Dr. Philippe Gaucher first described, in 1882, the symptoms now known as Gaucher Disease. It is an autosomal recessive disease and the most prevalent *Lysosomal Storage Disorder (LSD), with an incidence of about 1 in 20,000 live births. Despite the fact that Gaucher Disease consists of a phenotype, with varying degrees of severity, it has been sub-divided in three subtypes according to the presence or absence of neurological involvement. It is also the most common genetic disease affecting Ashkenazi Jewish people (Eastern, Central and Northern European ancestry), with a carrier frequency of 1 in 10 (Dr. John Barranger and Dr. Ed Ginns 1989). This pan ethnic disease involves many organ systems, such as liver, spleen, lungs, brain, metabolism and bone marrow.
Gaucher Disease results from a specific enzyme deficiency (glucocerebrosidase) in the body, caused by a genetic mutation received from both parents.

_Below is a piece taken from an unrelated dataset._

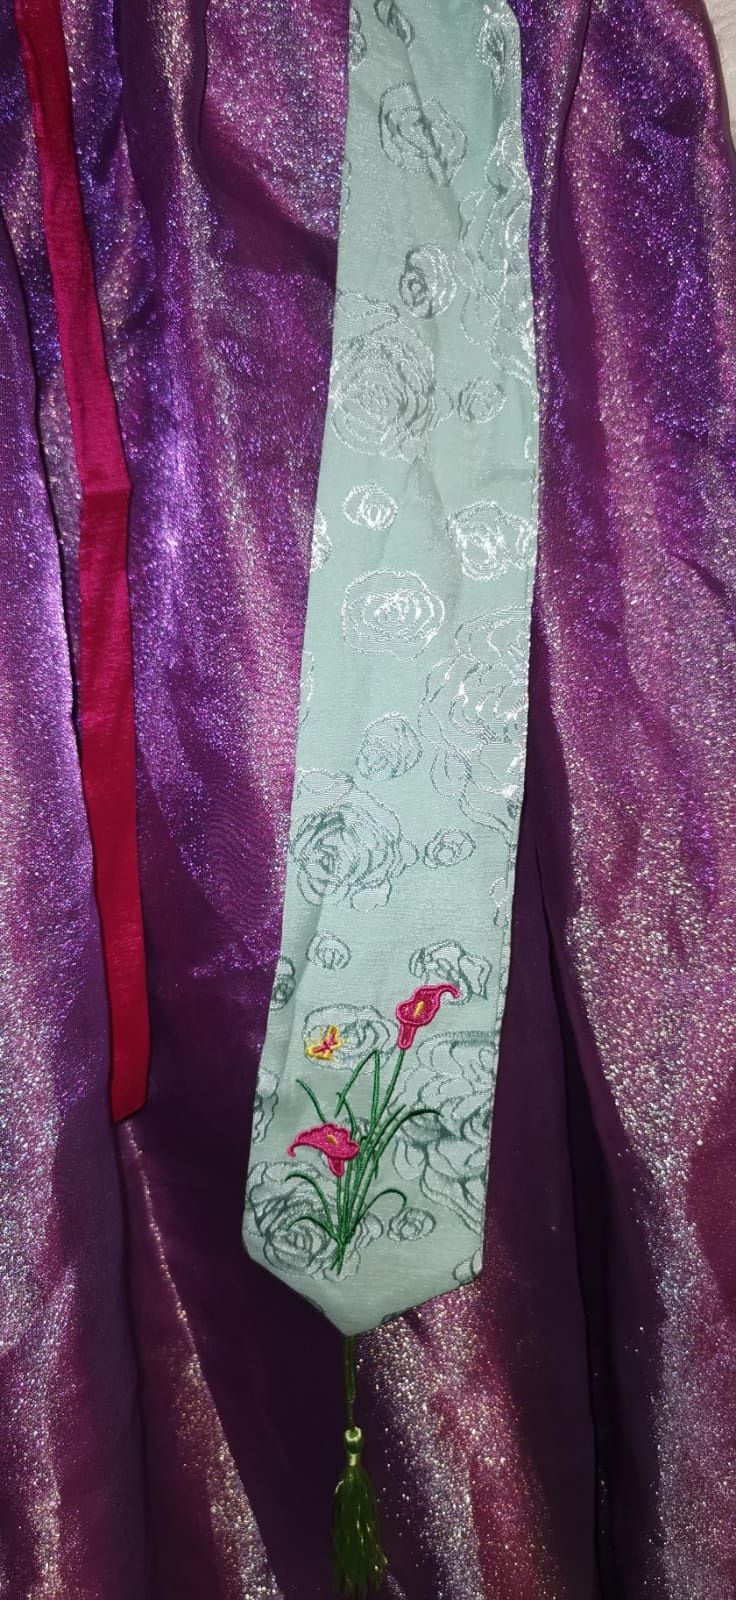 Hanbok - tradycyjny strój koreański (fioletowy)

The disease course is quite variable, ranging from no outward symptoms to severe disability and death. Carrier status can be detected through blood or saliva to identify potential carriers of the Gaucher gene. Gaucher disease can be diagnosed early through a blood test. Fortunately, effective treatments are available for some variants of the Disease.
*LSD: A group of disorders that affect specific enzymes. These enzymes normally break down items for reuse in the cells. If the enzymes are missing or don't work properly the items can build up and become toxic. This occurs in an area of the cell called lysosomes.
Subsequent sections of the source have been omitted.